При этих словах лицо генерал-лейтенанта налилось кровью, казалось, его сейчас хватит апоплексический удар. Он несколько секунд ловил ртом воздух, прежде чем смог вымолвить нечто членораздельное.

– Ты… ты… ты видел это собственными глазами, Андраш? – произнес он наконец.

– Статьи не читал, но заголовок видел. Я каждое утро прогуливаюсь мимо солдатского барака.

– И… и… И ты не сорвал со стены эту пакость?

– Нет, дорогой граф. Не имел возможности. Вокруг упомянутой стенной газеты вечно толпится целый взвод гонведов. Читают.

– Приказываю немедля сорвать этот грязный листок. Понимаешь, приказываю! Немедля!

Енеи вскочил с места, вытянулся в струнку и застыл перед генерал-лейтенантом.

– Слушаюсь, господин генерал-лейтенант! Но… Прежде чем попытаться выполнить приказ, разреши обратить твое внимание на то, что гонведы непременно станут защищать свою газету.

– Прикажи гонведам уничтожить этот… мерзкий листок.

– Приказать-то я прикажу, господин генерал, но… что, если они вдруг откажутся повиноваться? И тем самым… генеральский авторитет… Но если ты все-таки считаешь необходимым рискнуть…

Раган уже несколько секунд стоял возле генералов и счел момент самым подходящим, чтобы доложить об обеде: он будет состоять сегодня из щей, тушеной баранины с гарниром из риса, яблока и двухсот граммов красного вина. Рагану нравилось, что русские отмеряют вино на граммы.

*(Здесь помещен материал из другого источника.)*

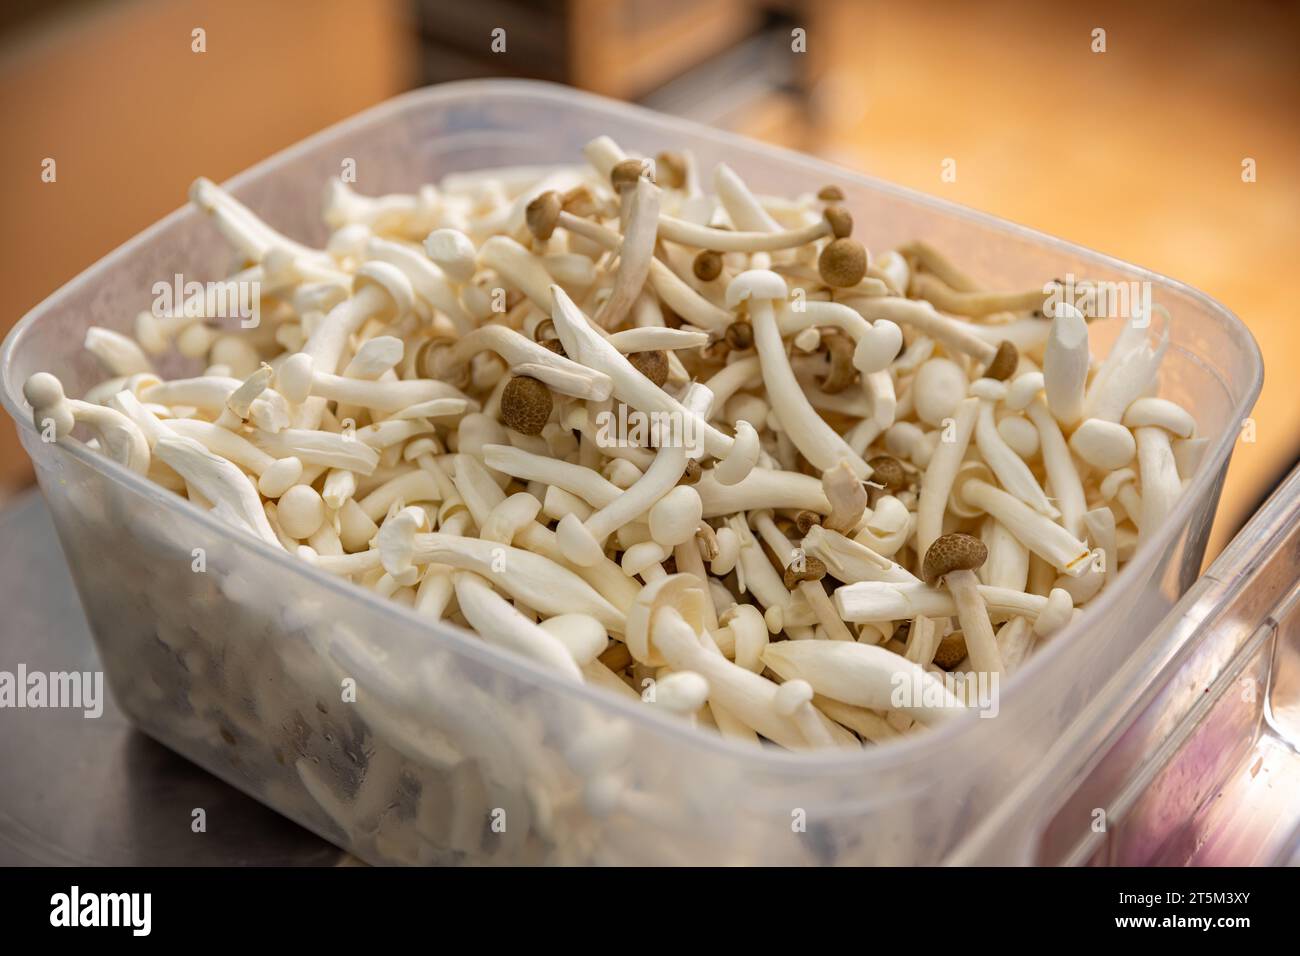 Plastic container brimming with fresh white enoki mushrooms. Stock Photo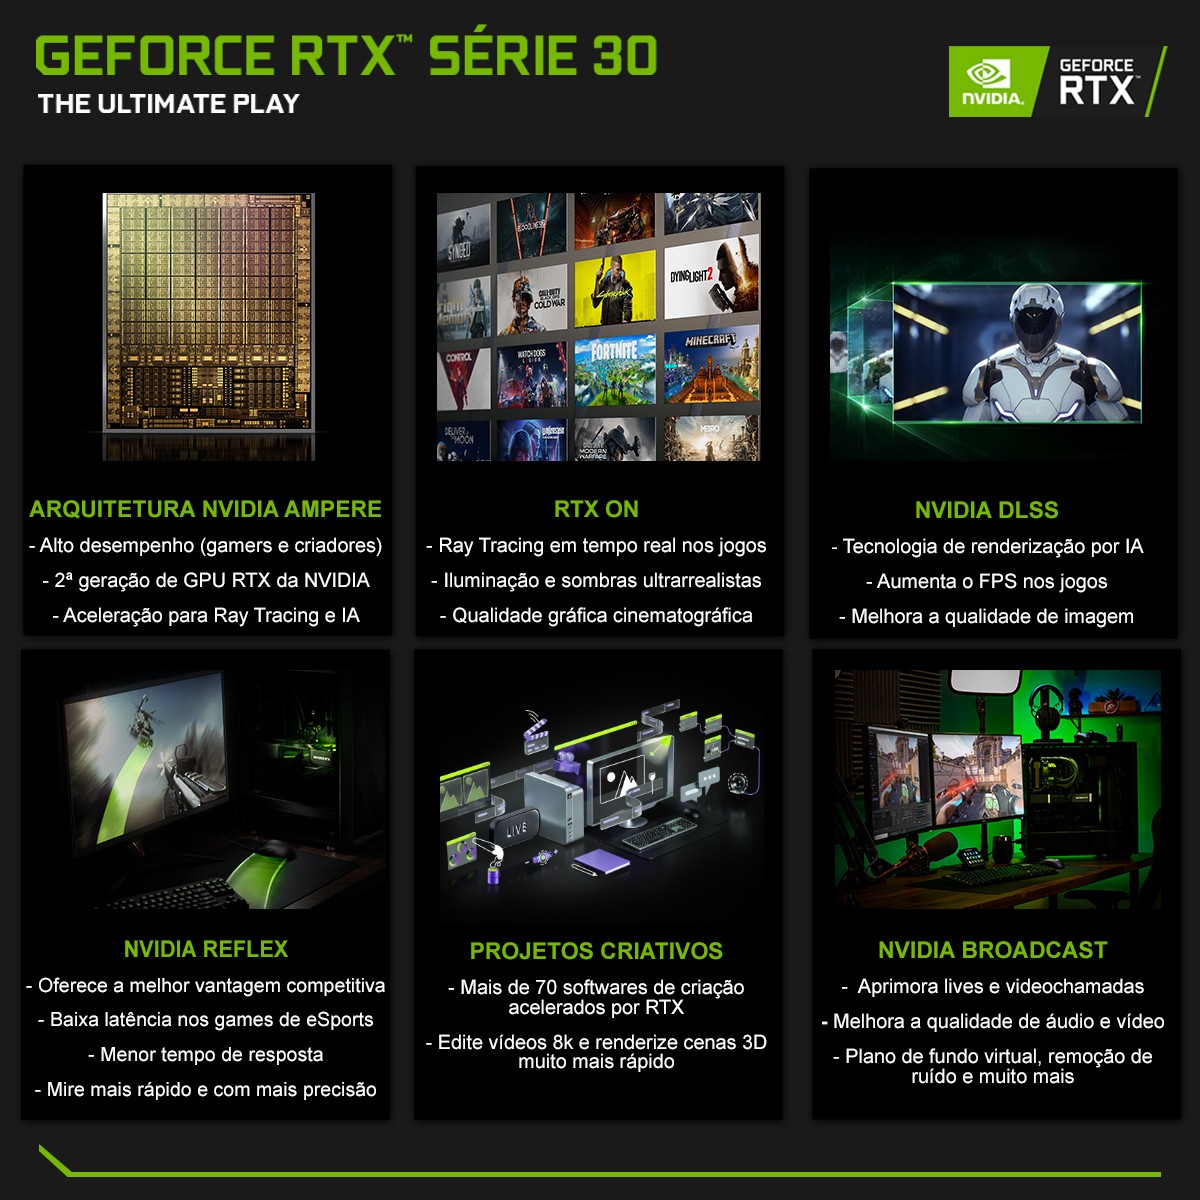 Placa de Vídeo Gainward, GeForce RTX 3090 Phoenix, 24GB, GDDR6, 384Bit, NED3090019SB-132BX

– Кажется, я придумал выход из положения, граф, Знаете ли вы, Раган, что такое стенная газета?

– Имею честь доложить, господин генерал-майор, знаю. Это оберточная бумага, на которой гонведы кропают статейки, а потом вывешивают ее на стене.

– Словом, знаете? Отлично. Отправляйтесь немедленно туда, сорвите эту газету и принесите нам. Поняли? Повторите приказ! Если вам начнут препятствовать, заявите, что выполняете распоряжение, которое дал я. Нет, не я, а сам господин генерал-лейтенант.

Раган, как всегда преисполненный рвения показать свою солдатскую выправку, повторил приказ и, расправив грудь, щелкнул каблуками. Затем молодцевато зашагал по направлению к бараку.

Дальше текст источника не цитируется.